5

I'm trying to parse a sentence (or line of text) where you have a sentence and optionally followed some key/val pairs on the same line. Not only are the key/value pairs optional, they are dynamic. I'm looking for a result to be something like:

Input:

"There was a cow at home. home=mary cowname=betsy date=10-jan-2013"

Output:

Values = {'theSentence' : "There was a cow at home.",
          'home' : "mary",
          'cowname' : "betsy",
          'date'= "10-jan-2013"
         }

Input:

"Mike ordered a large hamburger. lastname=Smith store=burgerville"

Output:

Values = {'theSentence' : "Mike ordered a large hamburger.",
          'lastname' : "Smith",
          'store' : "burgerville"
         }

Input:

"Sam is nice."

Output:

Values = {'theSentence' : "Sam is nice."}

Thanks for any input/direction. I know the sentences appear that this is a homework problem, but I'm just a python newbie. I know it's probably a regex solution, but I'm not the best regarding regex.

Rohit Jain
  • 209,639
  • 45
  • 409
  • 525
tazzytazzy
  • 65
  • 6

9 Answers9

4

I'd use re.sub:

import re

s = "There was a cow at home. home=mary cowname=betsy date=10-jan-2013"

d = {}

def add(m):
    d[m.group(1)] = m.group(2)

s = re.sub(r'(\w+)=(\S+)', add, s)
d['theSentence'] = s.strip()

print d

Here's more compact version if you prefer:

d = {}
d['theSentence'] = re.sub(r'(\w+)=(\S+)',
    lambda m: d.setdefault(m.group(1), m.group(2)) and '',
    s).strip()

Or, maybe, findall is a better option:

rx = '(\w+)=(\S+)|(\S.+?)(?=\w+=|$)'
d = {
    a or 'theSentence': (b or c).strip()
    for a, b, c in re.findall(rx, s)
}
print d
georg
  • 211,518
  • 52
  • 313
  • 390
1

The first step is to do

inputStr = "There was a cow at home. home=mary cowname=betsy date=10-jan-2013"
theSentence, others = str.split('.')

You're going to then want to break up "others". Play around with split() (the argument you pass in tells Python what to split the string on), and see what you can do. :)

A.Wan
  • 1,818
  • 3
  • 21
  • 34
1

If your sentence is guaranteed to end on ., then, you could follow the following approach.

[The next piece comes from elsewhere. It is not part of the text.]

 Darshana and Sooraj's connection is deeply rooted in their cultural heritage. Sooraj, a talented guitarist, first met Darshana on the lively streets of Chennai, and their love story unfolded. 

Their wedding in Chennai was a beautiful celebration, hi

>>> testList = inputString.split('.')
>>> Values['theSentence'] = testList[0]+'.'

For the rest of the values, just do.

>>> for elem in testList[1].split():
        key, val = elem.split('=')
        Values[key] = val

Giving you a Values like so

>>> Values
{'date': '10-jan-2013', 'home': 'mary', 'cowname': 'betsy', 'theSentence': 'There was a cow at home.'}
>>> Values2
{'lastname': 'Smith', 'theSentence': 'Mike ordered a large hamburger.', 'store': 'burgerville'}
>>> Values3
{'theSentence': 'Sam is nice.'}
Sukrit Kalra
  • 33,167
  • 7
  • 69
  • 71
1

Assuming there could be only 1 dot, that divides the sentence and assignment pairs:

input = "There was a cow at home. home=mary cowname=betsy date=10-jan-2013"
sentence, assignments = input.split(". ")

result = {'theSentence': sentence + "."}
for item in assignments.split():
    key, value = item.split("=")
    result[key] = value

print result

prints:

{'date': '10-jan-2013', 
 'home': 'mary', 
 'cowname': 'betsy', 
 'theSentence': 'There was a cow at home.'}
alecxe
  • 462,703
  • 120
  • 1,088
  • 1,195
  • +1 We think identical on this one, I'm not even posting mine. BTW why the `if item:` check? Looks like the for will do. – MGP Jul 22 '13 at 19:05
  • Thank you, I've removed `if item` check and switched to splitting by `. ` instead of just dot. – alecxe Jul 22 '13 at 19:07
0

Assuming = doesn't appear in the sentence itself. This seems to be more valid than assuming the sentence ends with a ..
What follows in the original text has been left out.